More than any of that, however, is Trubisky himself, the real linchpin “weapon.” All of the offseason additions, beginning with coaching staff, projects to make only marginal more impact than Dowell Loggains, Josh Bellamy, Dontrelle Inman and Kendall Wright if Trubisky himself is not much, much better than he was last season.

In three primary areas.

In figure skating and diving, the obligatory must-do’s were called “compulsories” – basic skills at which competitors were required to demonstrate proficiency. For Trubisky, improvements in three specific compulsories are the keys to this young quarterback’s development.

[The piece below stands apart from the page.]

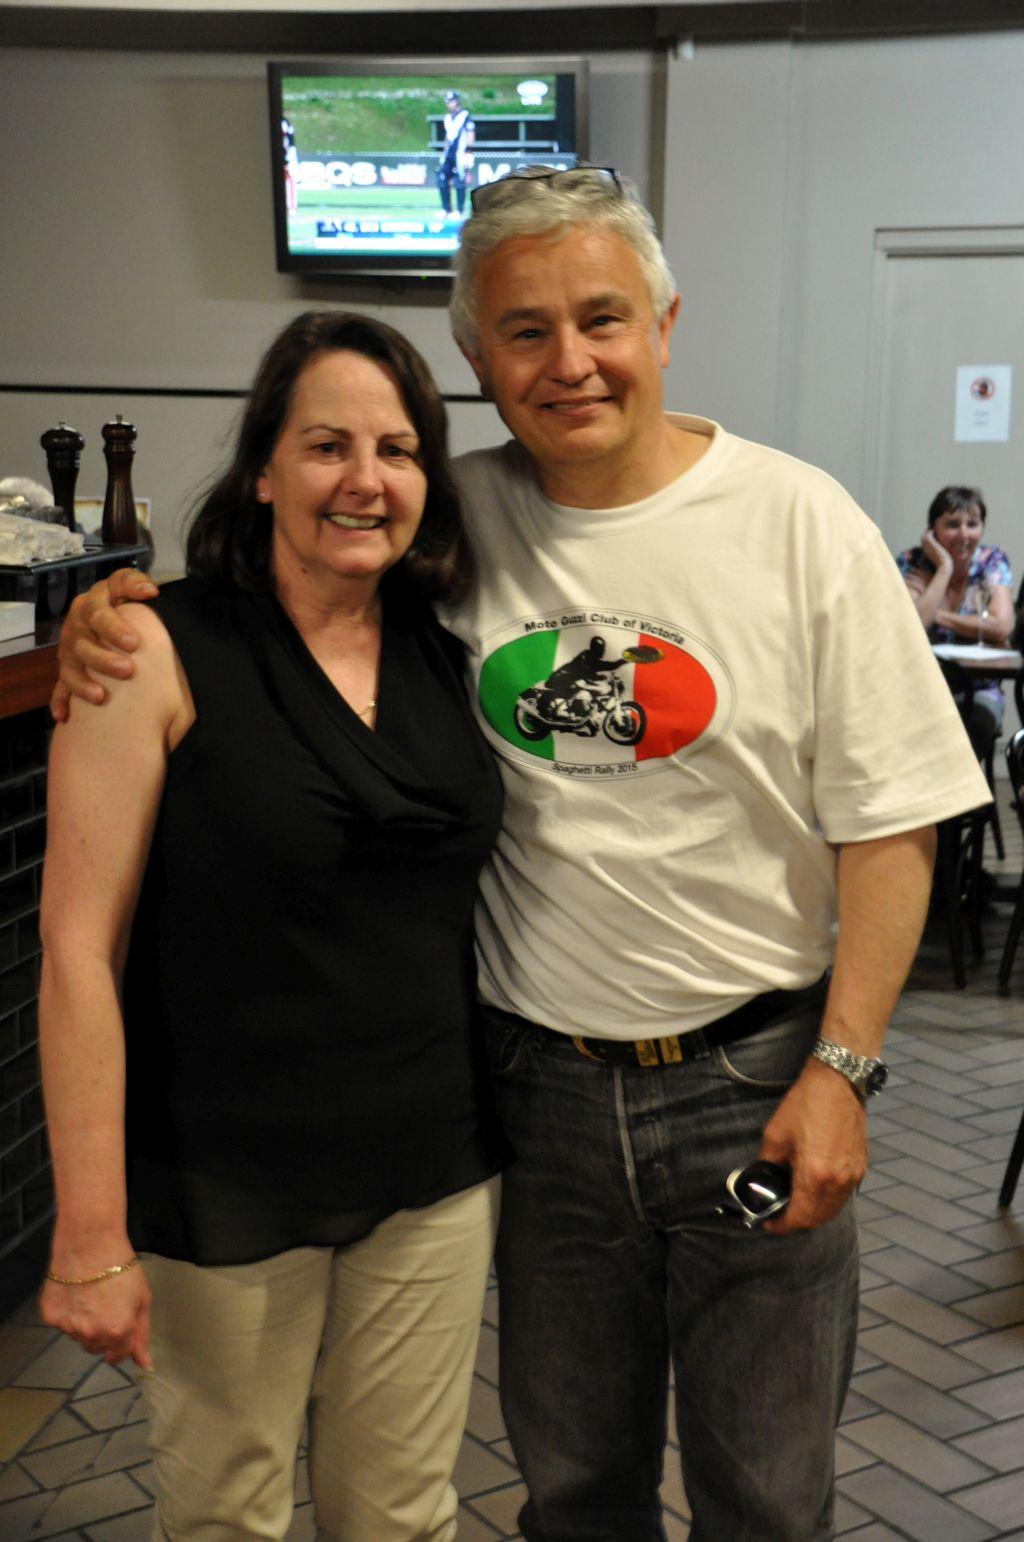 Neil and Kath....cute couple!

Trubisky is in his own molten state, still a raw, largely unknown with fewer NFL starts (12) than all but four projected starting quarterbacks (Jimmy Garoppolo, Pat Mahomes, AJ McCarron, Deshaun Watson) for 2018, but the poorest record (4-8) of any other anticipated starter, those four included. “Work in progress” is an understatement.

The Trubisky “installation” is in fact massive. Beyond the specifics of scheme, RPO’s and all the rest, Trubisky will go to training camp with precious little shared game experience with virtually any of his chief so-called weapons. Trey Burton, Taylor Gabriel and Allen Robinson weren’t Bears last year. Kevin White worked chiefly with Mike Glennon and the No. 1 offense while Trubisky was primarily with the 2’s. Anthony Miller was in Memphis.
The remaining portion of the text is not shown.